In [1]:
import isri_tools

In [2]:
a = "👉 étagères𐌰"
b = "etag.µbleble"

A, B = isri_tools.align(a, b, 'x')
print(A)
print(B)

👉 étagèrxxes𐌰x
exxtag.µbleble


In [3]:
A, B = isri_tools.get_align_map(a, b)
print(A)
print(B)

[0, 1, 2, 3, 4, 5, 6, 7, 10, 11, 12]
[0, 3, 4, 5, 6, 7, 8, 9, 10, 11, 12, 13]


In [18]:
import regex
import numpy as np
from warnings import warn

tag_list = ["PER", "LOC", "ACT", "CARD", "FT", "TITRE"]

def normalize(txt: str):
    return txt


def add_tags_prediction(ner_xml: str, text_ocr: str):
     # Sanity check
    cbegin = { tag : ner_xml.count(f"<{tag}>") for tag in tag_list }
    cend = { tag : ner_xml.count(f"</{tag}>") for tag in tag_list }
    if cbegin != cend:
        warn(f"The string '{ner_xml}' has unbalanced tags.")
        print("Opening:", cbegin)
        print("Closing:", cend)

    ## 1. Chunking
    chunks = regex.split("(</?\L<tag>>)", ner_xml, tag=tag_list)
    print("chunks:", chunks)
    A_chunks = chunks[0::2]
    A_tags = [] if len(chunks) < 2 else chunks[1::2]

    # 2.1 Normalize
    A_chunks = list(map(normalize, A_chunks))
    a = "".join(A_chunks)
    b = normalize(text_ocr)

    # 2.2 Single char "normalizations"
    # tolerance to OCR single char substitutions (case insensitive, no accents, etc.)
    # which DO NOT CHANGE THE MATCHING
    case_insensitive = True
    ai = a
    bi = b
    if case_insensitive:
        ai = a.lower()
        bi = b.lower()

    # 3. Align
    A, B = isri_tools.align(ai, bi, ' ')
    print(A)
    print(B)
    A, B = isri_tools.get_align_map(ai, bi)

    # 4. 
    pos_tags = np.cumsum([len(x) for x in A_chunks[:-1]])

    # 5. Reprojet b on the alignment string
    n = max(np.max(A), np.max(B)) + 1
    chr_list = [ '' for i in range(n + 1)]
    for k, c in zip(B, b):
        chr_list[k] = c


    # 6. Add tags on the alignment string
    for p, tag in zip(reversed(pos_tags), reversed(A_tags)):
        if tag.startswith("</"):
            print(p, a[p-1], chr_list[A[p-1] + 1])
            chr_list.insert(A[p-1]+1, tag)
        else:
            print(p, a[p], chr_list[A[p]])
            chr_list.insert(A[p], tag)

    return "".join(chr_list)

In [19]:
A = "<PER>Anthony</PER>, fab. du <ACT>pêche</ACT>, <LOC>Châtelet</LOC>"
B = "Mme Antoine, fab la pecheur du chatelet et du Faub.
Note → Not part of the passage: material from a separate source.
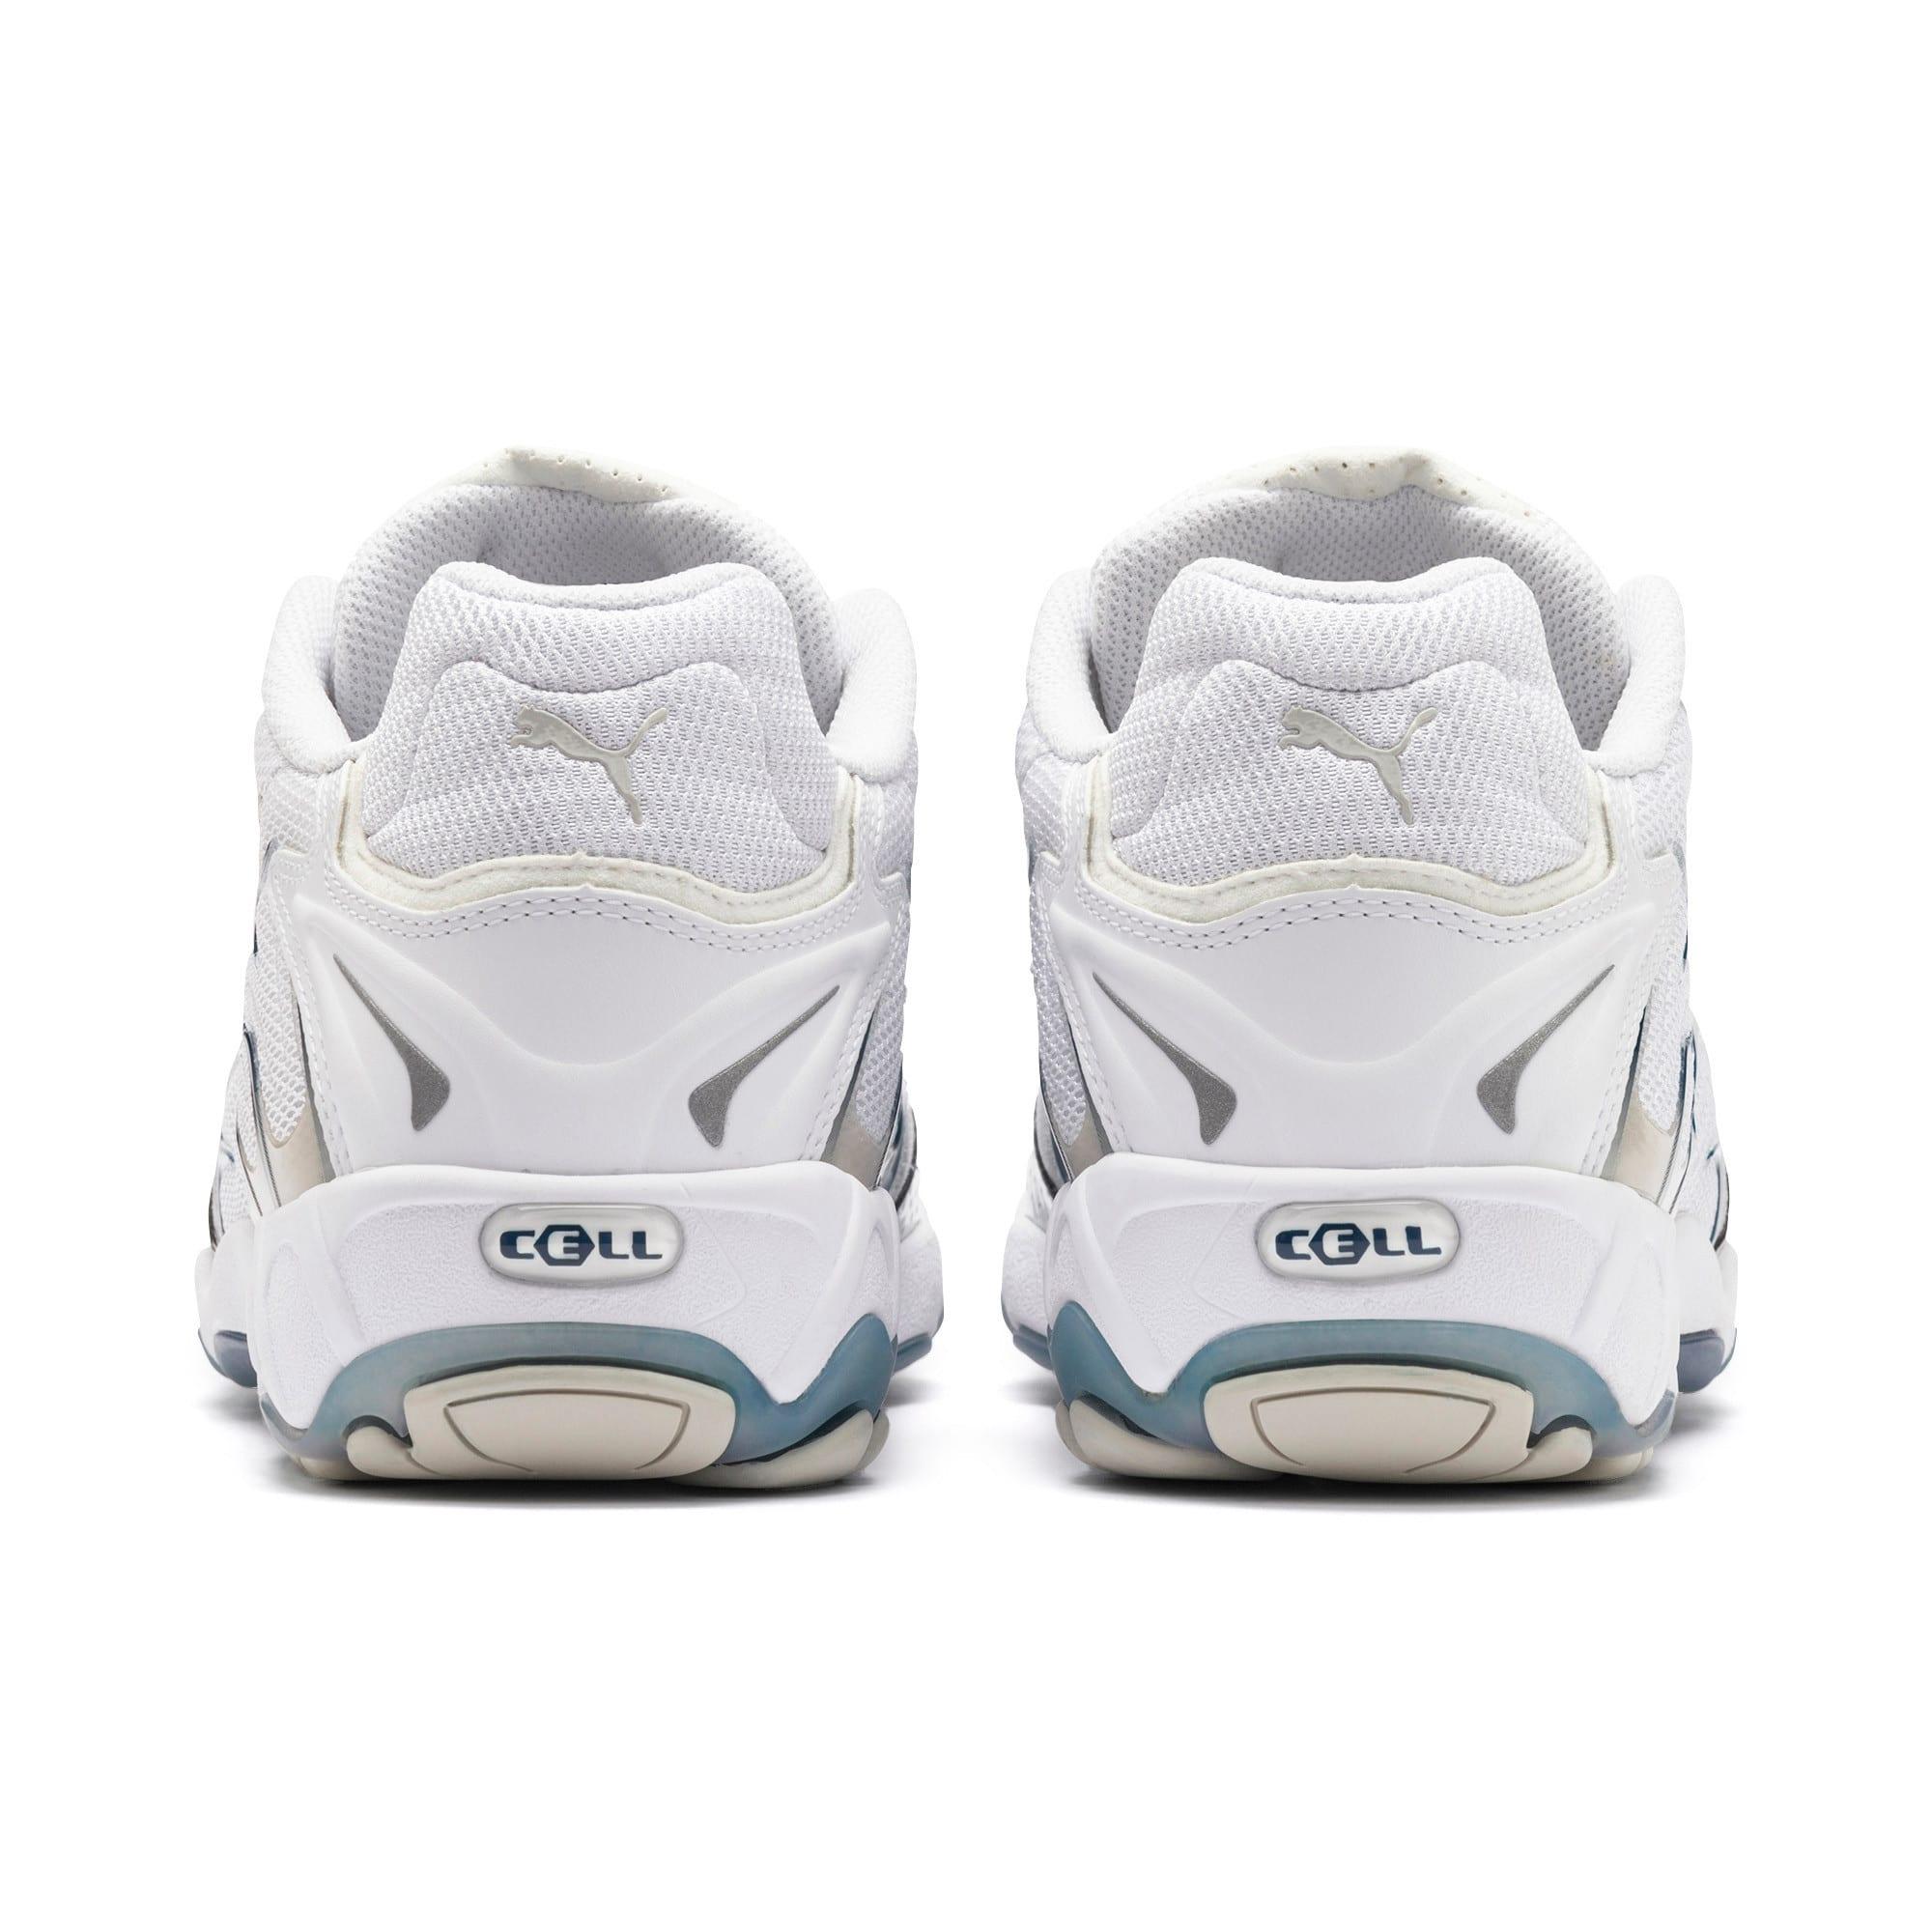 Thumbnail 4 of Inhale Sneakers, Puma White-Gray Violet, medium

St Antoine"
add_tags_prediction(A, B)

chunks: ['', '<PER>', 'Anthony', '</PER>', ', fab. du ', '<ACT>', 'pêche', '</ACT>', ', ', '<LOC>', 'Châtelet', '</LOC>', '']
    anthony, fab. du pêche,     châtelet                       
mme antoine, fab  la pecheur du chatelet et du faub. st antoine
32 t  
24 C c
22 e u
17 p p
7 y ,
0 A A


'Mme <PER>Antoine</PER>, fab la <ACT>peche</ACT>ur du <LOC>chatelet</LOC> et du Faub. St Antoine'

In [20]:
A = "Mme <PER>Anthony</PER>, fab. du <ACT>pêche</ACT>, <LOC>Châtelet</LOC>"
B = "Mme Antoine, fab la pecheur du chatelet et du Faub. St Antoine"
add_tags_prediction(A, B)

chunks: ['Mme ', '<PER>', 'Anthony', '</PER>', ', fab. du ', '<ACT>', 'pêche', '</ACT>', ', ', '<LOC>', 'Châtelet', '</LOC>', '']
mme anthony, fab. du pêche,     châtelet                       
mme antoine, fab  la pecheur du chatelet et du faub. st antoine
36 t  
28 C c
26 e u
21 p p
11 y ,
4 A A


'Mme <PER>Antoine</PER>, fab la <ACT>peche</ACT>ur du <LOC>chatelet</LOC> et du Faub. St Antoine'